What is worrying is that the normally balanced Chis Curry seemed to have gone native in the company of Alex Connolly and Carolyn Jones. One MP asked why he was seeing dashboard services advertised by the private sector today, the answer is of course because of the law of supply and demand, but the response from Maps was sinister. It seemed people would be better waiting for the Government dashboard to arrive and put their retirement planning on hold – “Money Helper knows best“.

We are now in the third year of delay beyond the original dashboard availability point in 2019. In the meantime, people have been through a pandemic , many have been furloughed and many had considerable periods off work through sickness. People in their fifties and sixties are statistically more likely to be long-term unemployed because they are not suited to much of the work that is on offer. They are therefore getting more interested in their pensions and turning to the private sector in the absence of a Government tracing service that finds and displays pension pots and allows people to take decisions about combining them.

the part 2 crew

To suppose that this is preventing financial self-harm is ridiculous. Faced with the absence of affordable, accessible advice , people are turning to DIY dashboards which at the more sophisticated end are spreadsheets and at the more primitive levels are lists of policies and membership numbers with values alongside which may be pensions or maybe pots.

To suppose that people can make head or tails of what to do is to suggest that Andy Haldane is a financial muppet.

So what is Maps doing for us today?

Maps wants its flagship Pension Wise service to have a take up of 75% of its accessible market. These are the latest figures

The take up Pension Wise , five years after inception is appallingly below target. Maps repeatedly tells us that those who go to Pension Wise say it’s great, but they are a self-selecting group. If Pension Wise had the reputation its testimonials would suggest it should have, it should be going viral, but take up remains extremely low. The worry is that the people who use Pension Wise are simply validating advice they are getting elsewhere or looking for a second opinion on DIY decisions taken on an informed basis.

Pension Wise is not doing face to face appointments because of the pandemic. We were told yesterday that face to face meetings were “actively under consideration”. No one asked why the telephone was being used as opposed to web-calls, WhatsApp, Facetime and of course Zoom are streets ahead of telephone calls – even for Pension Wise’s target demographic. It is not as if a Pension Wise appointment gets to discuss people’s financial affairs in detail, even if it did, screen sharing would enable documentation to be looked at on a web-call.

So what is the game plan for Pensions Wise, apparently it is about a campaign next year called Stronger Nudge.

The Stronger Nudge to pensions guidance aims to increase take up of pensions guidance, by requiring trustees and managers to ensure that individuals have either received or opted out of receiving appropriate pensions guidance before proceeding with their application.

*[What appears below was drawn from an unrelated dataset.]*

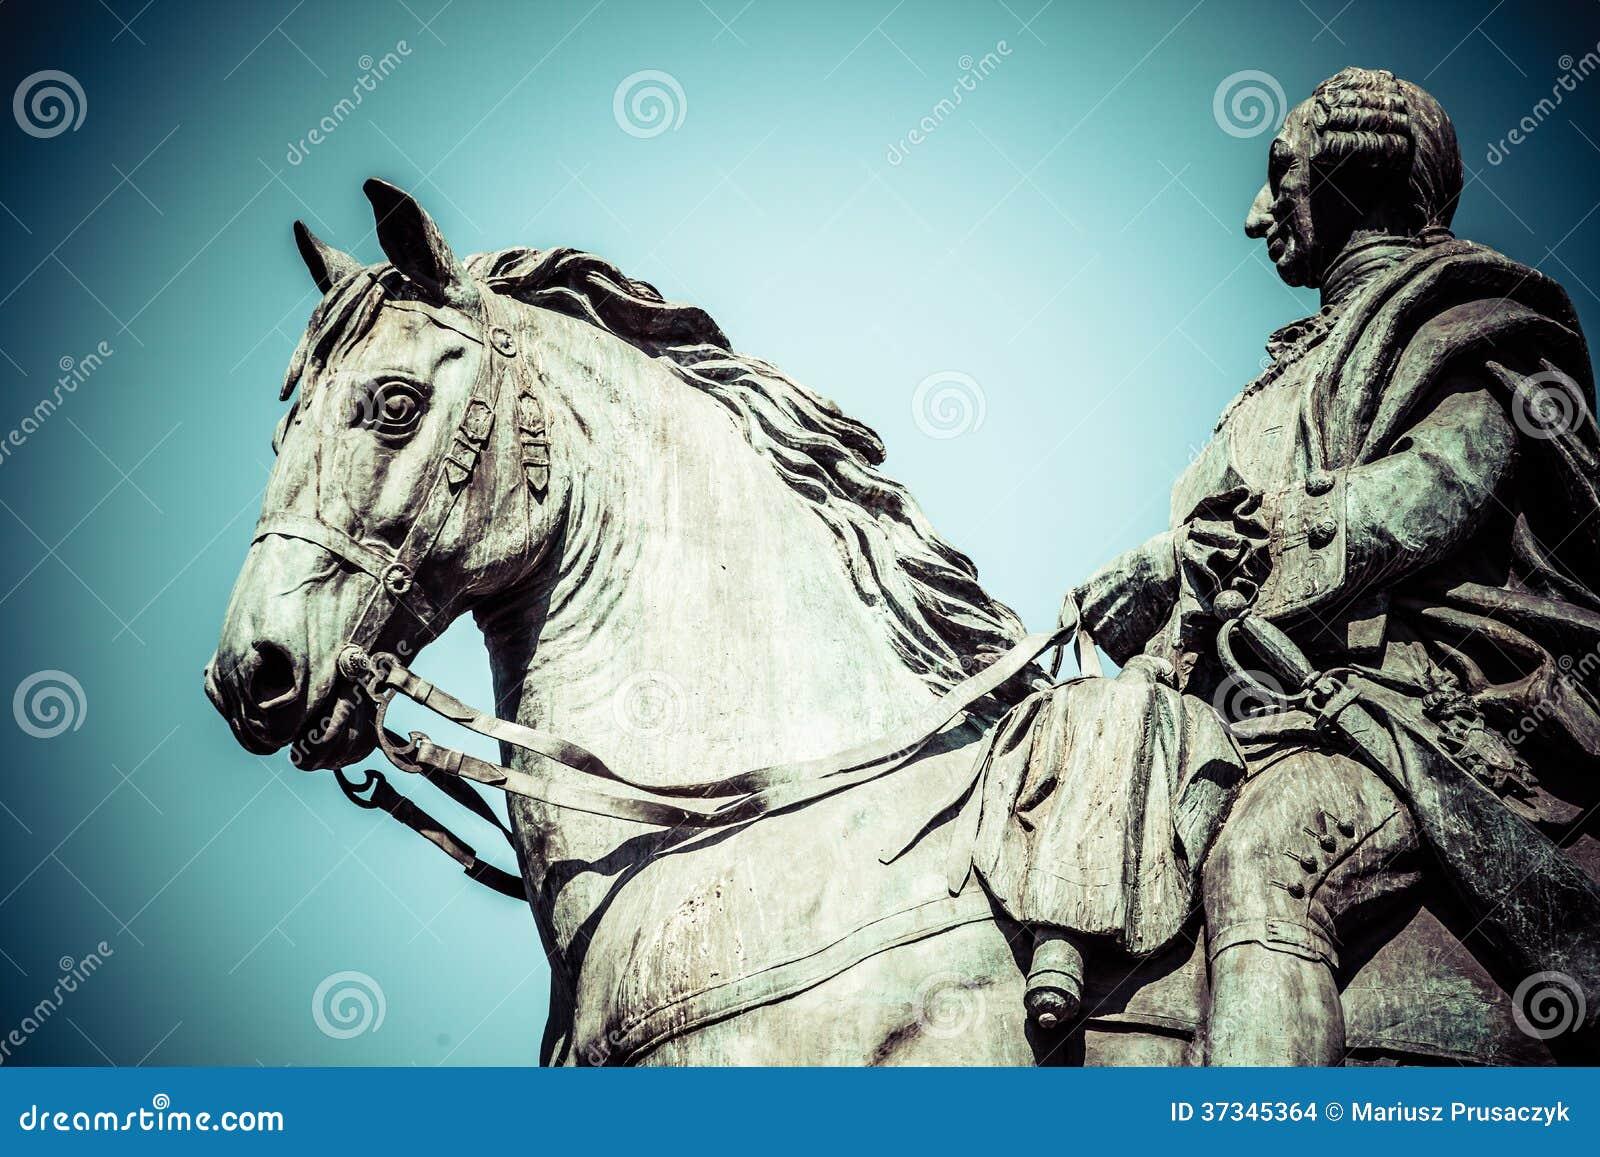 O monumento de Charles III em Puerta del Sol no Madri, Espanha

Pension Wise is to be more actively promoted, not just by TV ads but by those who have control of our money. To claim that a stronger nudge will get take up of Pension Wise up by even to 3% is highly speculative, to hang on the stronger nudge the aim of making a Pension Wise appointment “the normal” is absurd.

It is time that Maps provided us with evidence of why around 98% of its accessible market are turning it down, rather than comforting itself in the validation of the 2% who take it up. There is something seriously wrong with Pension Wise – it has not and is not capturing the public imagination , it is currently a waste of tax-payer’s money.

And it is up to Maps to explain why it is that we will not be getting the regulations for the pension dashboard till 2023, four years late – meaning we are unlikely to get a dashboard availability point in 2023 or commercial dashboards till 2025.

In the meantime, we are likely to see the prevalence of “back-street dashboards” increase as lead generators work out that offering a primitive tracing service is infinitely more attractive to a guidance session with Pension Wise. While much of the pension combining will go to good pensions, the unregulated dashboards of the lead generators will take people to whatever pension aggregator will pay the highest marketing fees.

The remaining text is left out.